ポーランドの「ゆがんだ森」は目の錯覚か?心理学者が見解「少数でもインパクトあれば全体のイメージに」

ポーランドには曲がった木が立ち並ぶ森があるという。森を構成する一部の木がゆがんでいるというのだが、どのような理由でそのような状態に至ったのか。あるいは、人間の「目の錯覚」である可能性はあるのだろうか。ジャーナリストの深月ユリア氏が心理学者に見解を聞いた。

◇ ◇ ◇

ピラミッド、ストーンヘンジ、ナスカの地上絵など世界には様々な「ミステリースポット」がある。筆者の母国、ポーランドには世にも不思議な森が存在する。

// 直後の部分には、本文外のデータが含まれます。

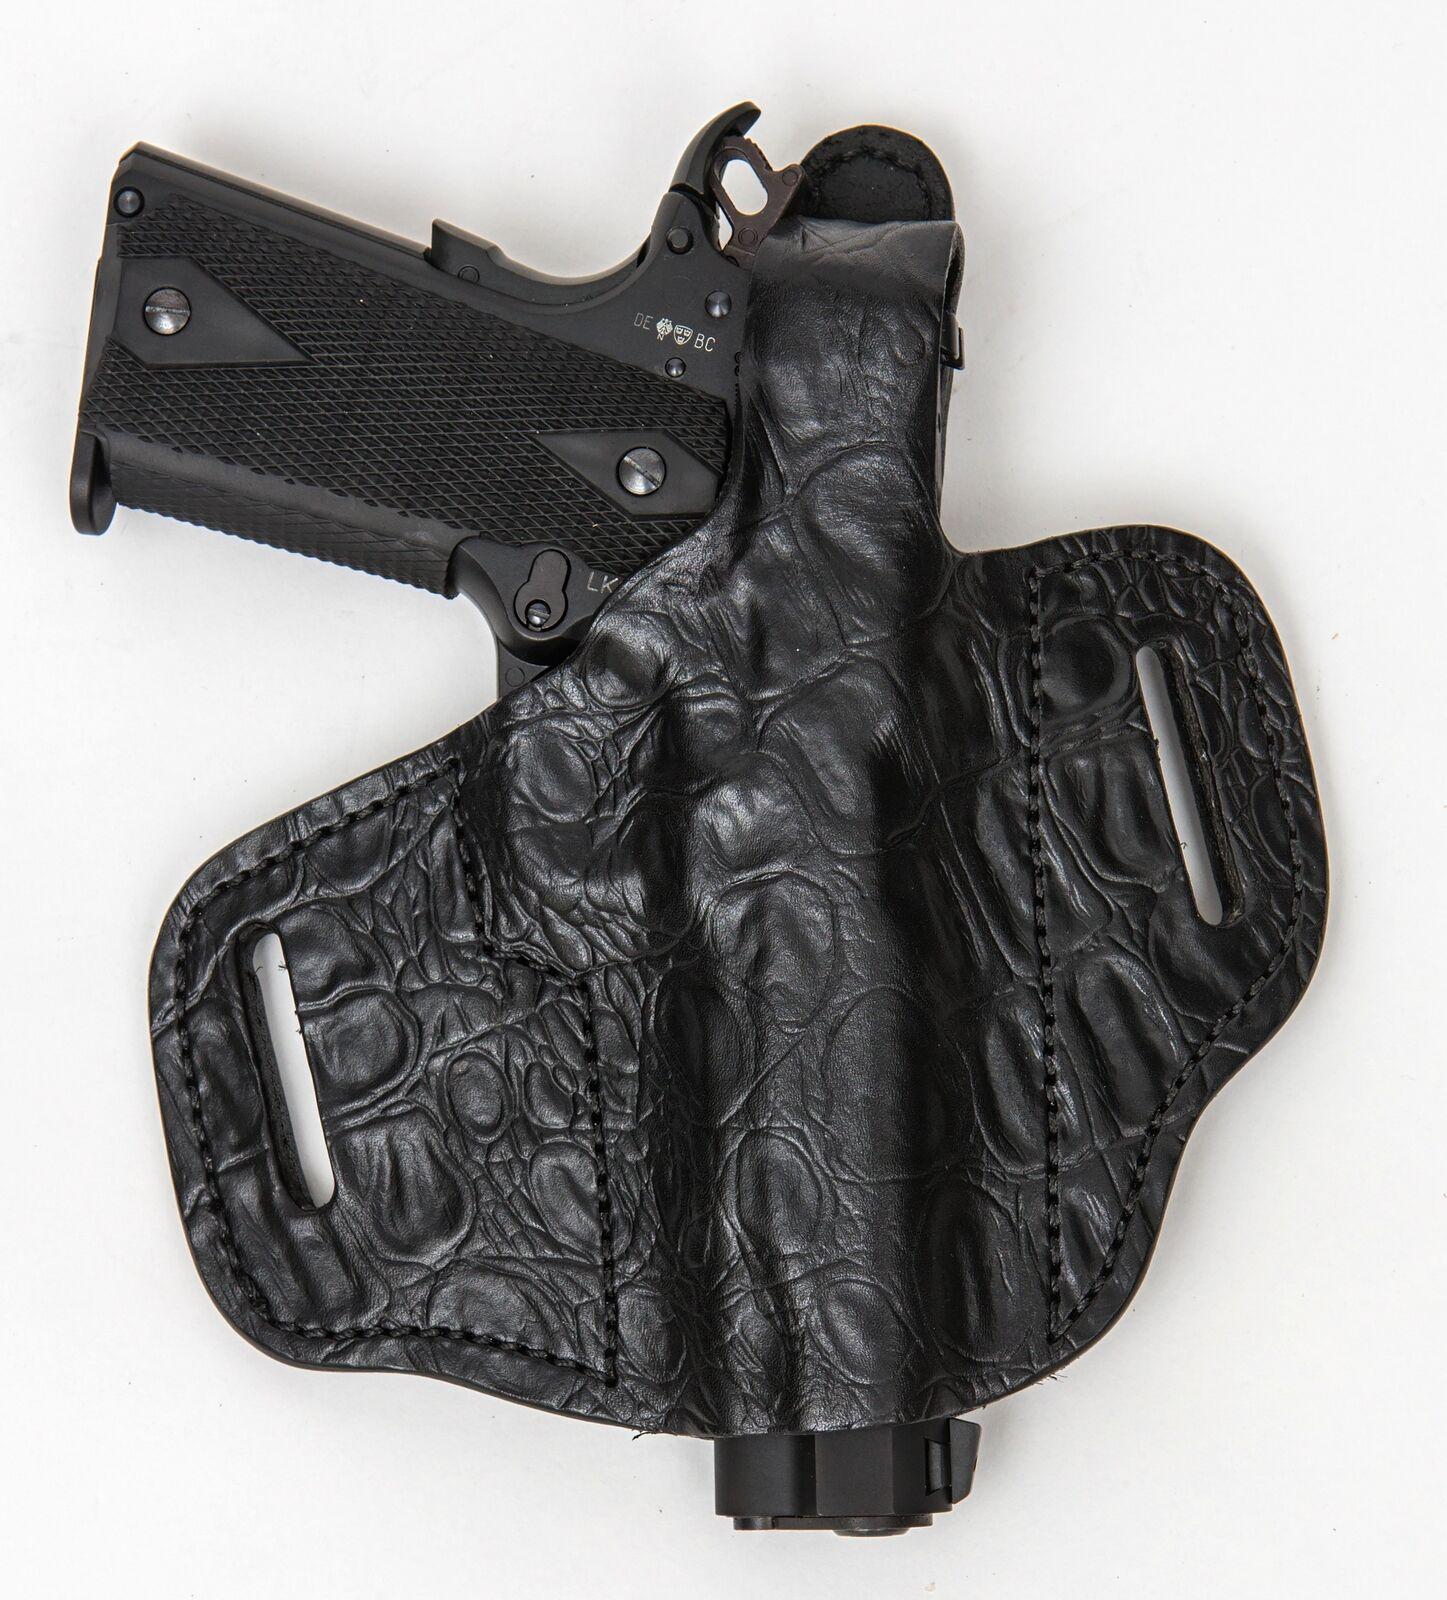 On Duty Conceal RH LH OWB Leder Gun Holster For Springfield 1911 3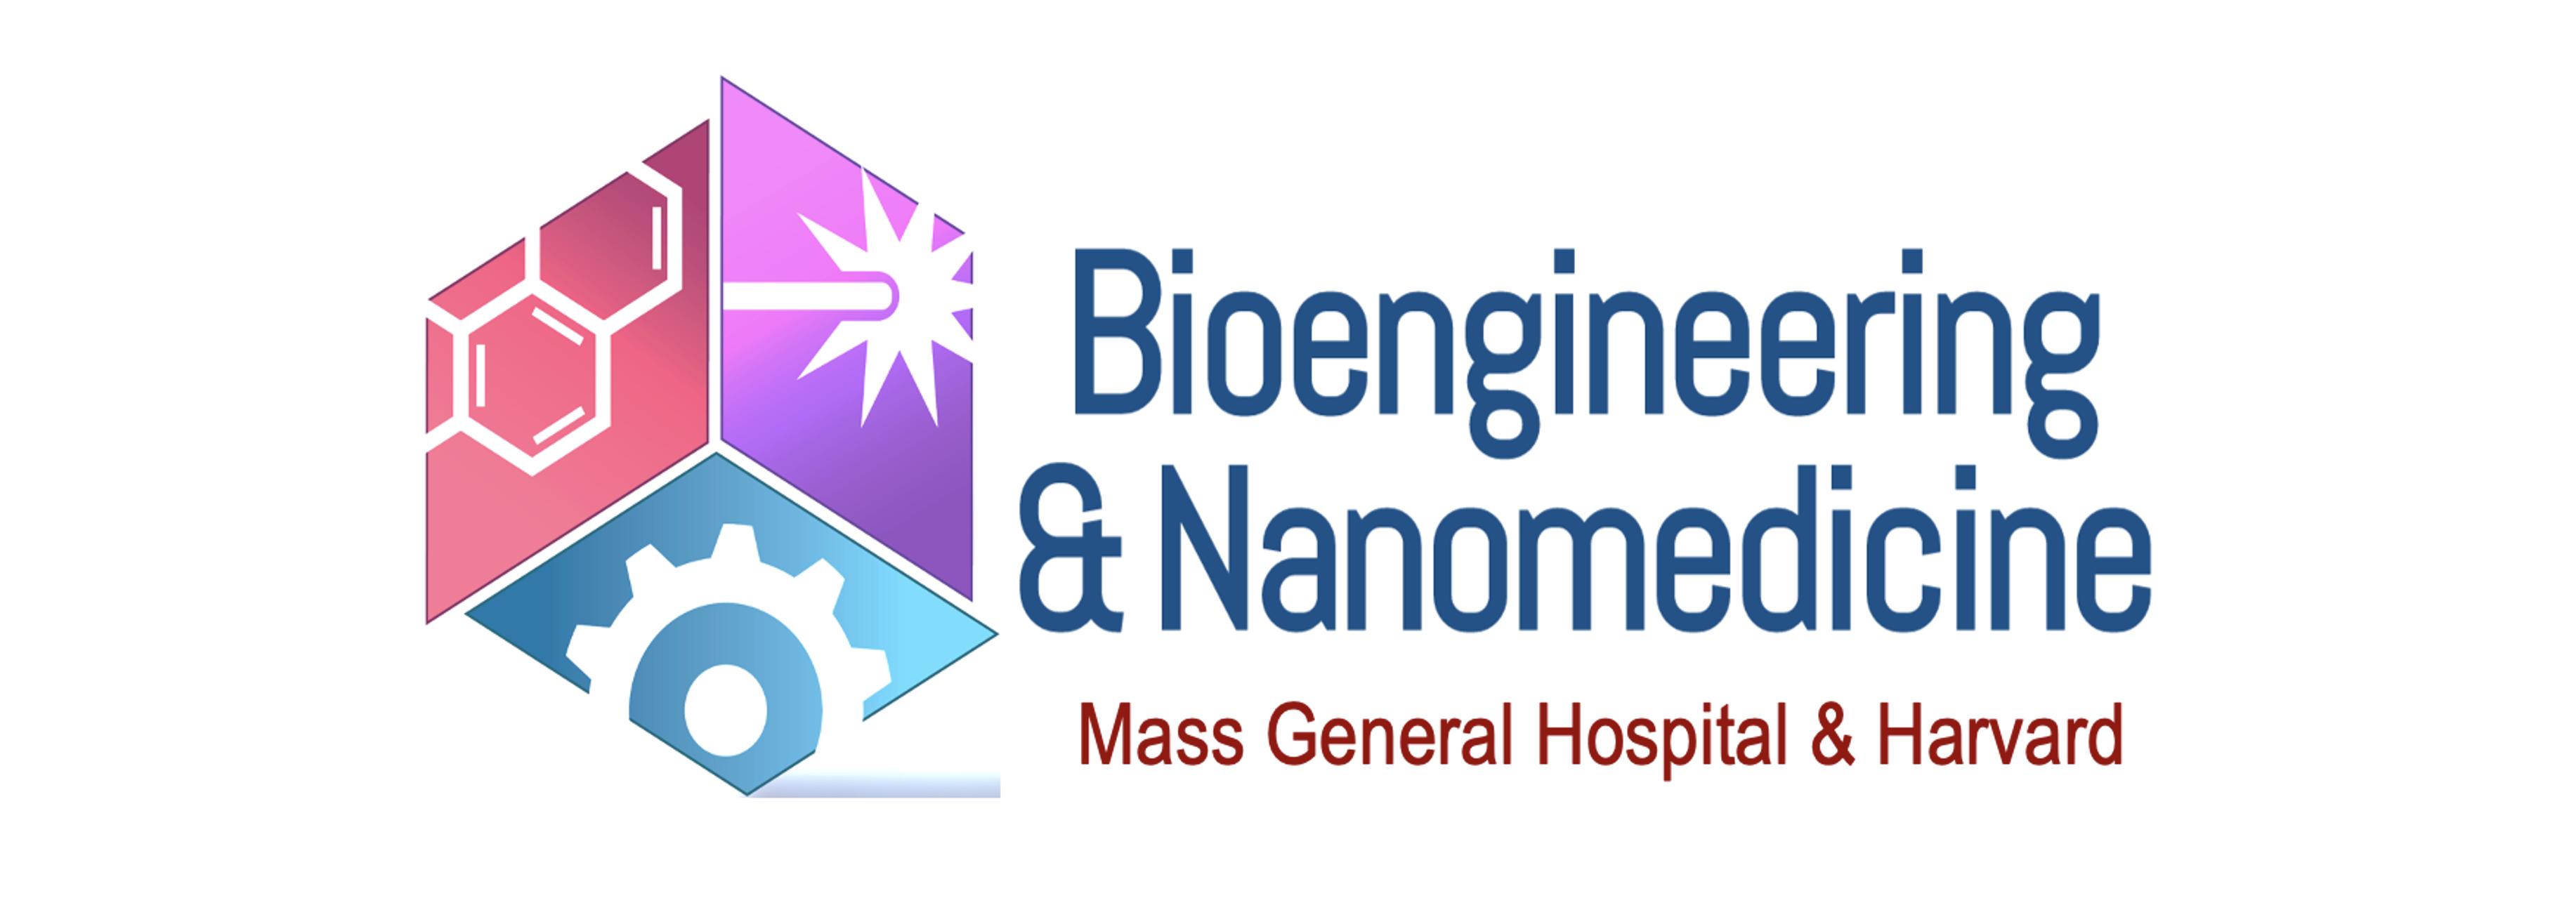 Bioengineering & Nanomedicine Program at MGH

米国の科学誌「IFLサイエンス」のWeb版ニュースによると、ポーランド北西部の西ポモージェ県グリフィーノ郡にある「クシュヴィ・ラス」(ポーランド語で「ゆがんだ森」という意味の森)の一角には、一部の木が根元で90度曲がって、北に向かって生えているのだという。なぜこのような現象が起きているのか。 「UFOに押しつぶされたのではないか」という都市伝説も噂されている。

筆者の手元には「クシュヴィ・ラス」の曲がった木の写真がある。ポーランド在住の知人が現地で撮影したものだ。その写真を見ると、不思議な森の様子がよく分かる。ちなみに、全体で約3ヘクタールある森の敷地のうち、50平方メートルほどの区画の木々か曲がっていたという。

現地で行われた研究チームの調査によると、曲がった木には切り傷や結び目の跡が見つかっていて、作為的に木が地面に近づいていくよう手を加えられていた可能性が示唆されている。ただし、曲がった木の数は現在わずか100本ほどだという。現地の観光メディア「ポーランド・トラベル」などによると、1970年代には400本ほどもあったが、大部分が枯れてしまったのだという。人為的に手を加えられた木は自然に生えた木より寿命が短いのかもしれない。

つまり、明らかに森には正常な木々の本数の方が多いということになる。それにも関わらず、 「ゆがんだ森」の異名は変わらない、 この森に入ると、たいして曲がってない木も不思議と曲がっているように見えることがあるという。果たして、「ゆがんだ森」には何らかの不思議な力が宿るのか。

心理学者の富田隆氏によると「『ゆがみ』は強調されて認識される」のだという。

「私たちの知覚や認識機能は、日常の体験から影響を受けています。樹木などについても、『多数派』で結果いつも見ている木の形態が『標準』となってしまいます。目の前の木が『多数派』の『標準』とは違っているから『ゆがんでいる』と認識されてしまうのです。そして『ゆがんでいる』木は『少数派』ですから、心理学でいう『図と地の効果』が働いて、多数派の普通の木は『地(背景)』の一部となり目立たなくなるのに対して、『少数派」の『ゆがんだ木』は『図』となり自然に『注目』を集め、強い『印象』を与える(目立つ)ことになります。ですから『ゆがんだ木』は実際には少数であるからこそ、心理的に強い影響、インパクトを及ぼすのです。また、風刺漫画などを見れば分かるように、『標準』とは異なる『特徴』や『ゆがみ』は私たちの主観的なイメージの世界では、実際以上に『強調』されて受け止められ、記憶されます」

「ゆがんだ森」を見たいと期待して行くと、ほとんどの「ゆがんだ木」が枯れてしまっていたので、正常な木も「ゆがんで」見えることがあるのかもしれない。